= J. Conrad Lavigne =

Canadian businessman (1916–2003)

J. Conrad Lavigne, CM, O.Ont (November 2, 1916 – April 16, 2003) was a pioneering Canadian media proprietor.

Born in Chénéville, Quebec, Lavigne was raised in Cochrane, Ontario. He joined the Canadian Forces in 1942 and fought in World War II. When he returned to Canada following the war, he settled in Kirkland Lake, where he purchased the Prince George Hotel, working as joint owner from 1946 to 1948, He moved to Timmins and applied for a broadcasting license; CFCL went to air in 1952 as the first French language radio station in Ontario.

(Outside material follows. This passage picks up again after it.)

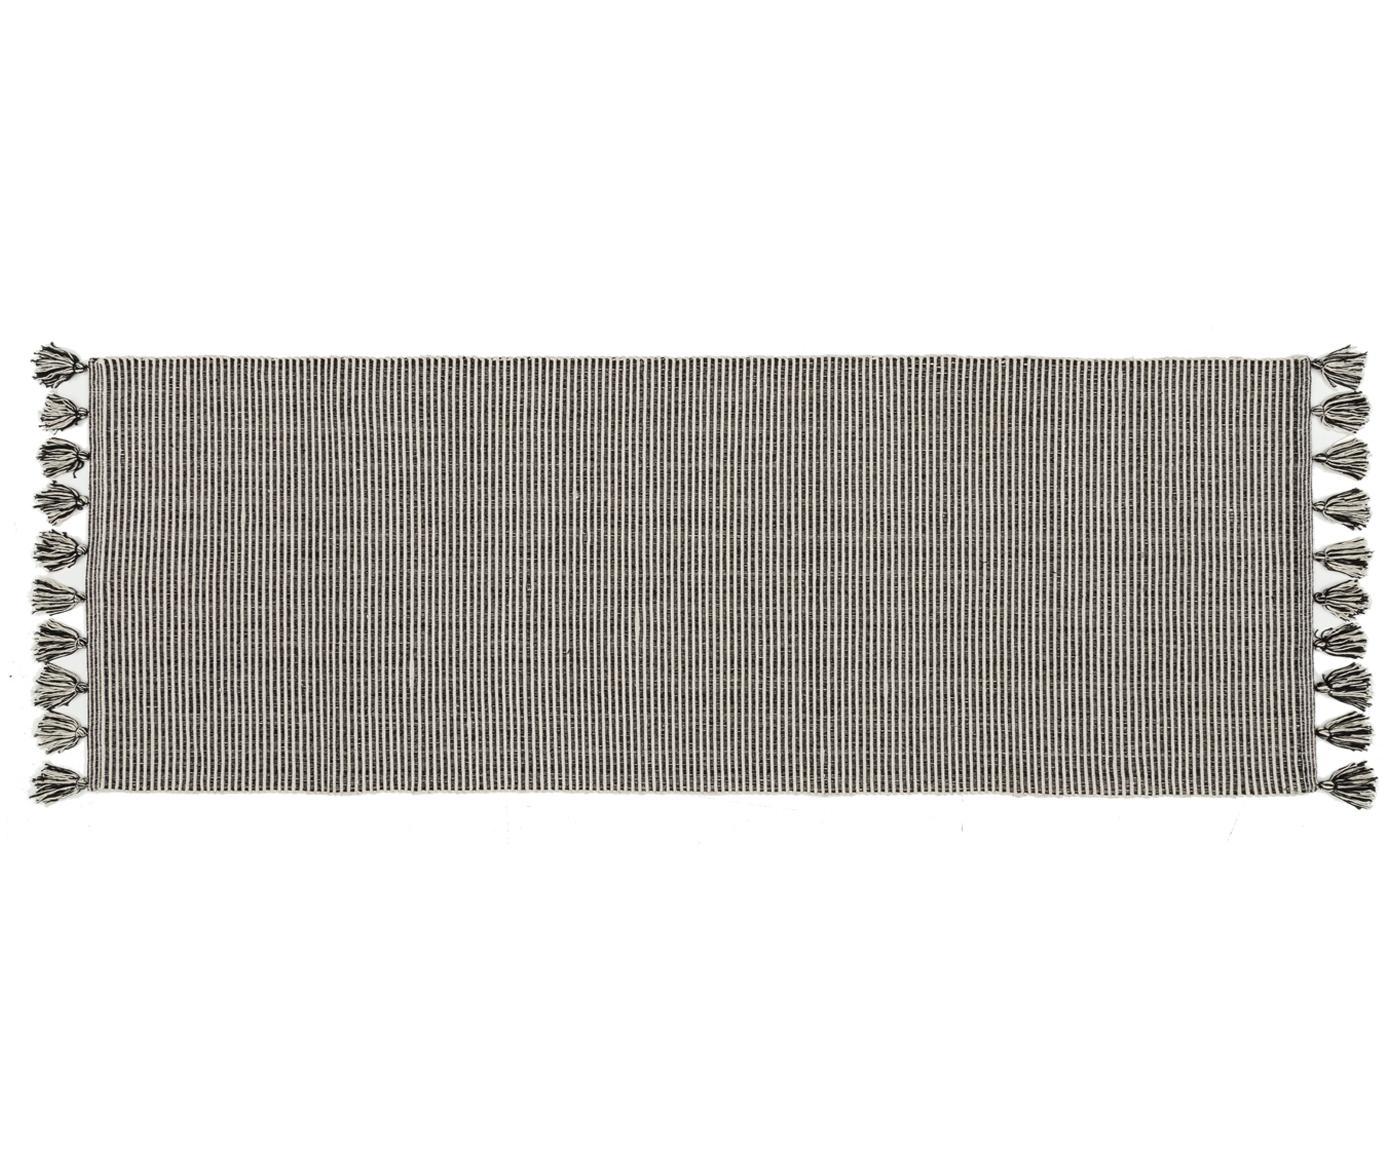 Alfombra con borlas Homer, Algodón, Blanco crudo, negro jaspeado, An 70 x L 216 cm

In 1956, Lavigne also received a television license. CFCL-TV went to air that year as a dual affiliate of the Canadian Broadcasting Corporation's English and French television networks. Lavigne subsequently added rebroadcast transmitters in several other communities. By 1965, he owned the largest private microwave transmission network in the world.

In 1971, Lavigne expanded into Sudbury and North Bay. CKNC in Sudbury and CHNB in North Bay went to air that year as CBC affiliates, while the former CBC affiliates in those cities, CKSO and CKNY, reaffiliated with CTV, and their owner, Cambrian Broadcasting, established a new CTV station, CITO, in Timmins. In 1974, Lavigne also acquired CHRO in Pembroke.

By 1980, Lavigne divested himself of his broadcast holdings, primarily because he was refused permission to operate a cable service in the north, as authorities feared a monopoly. His communication companies were in a financial crisis, due to aggressive competition for advertising dollars in small markets. As a result, the Canadian Radio-television and Telecommunications Commission approved a merger into the MCTV twinstick. In the end, his private network stretched from Moosonee to Ottawa, and from Hearst and Chapleau to Matagami, Quebec. He was serving a population of 1.5 million.

In 1983, Lavigne received an honorary doctorate from Sudbury's Laurentian University, and was named a member of the Order of Canada, in recognition of his pioneering contributions to Canadian broadcasting. He was also named to the Order of Ontario in 1994, and to the Canadian Communications Foundation's Broadcasting Hall of Fame.

In his later years, Lavigne was a prominent residential real estate developer in Timmins, and as a director of the National Bank of Canada. Lavigne died in Timmins on April 16, 2003.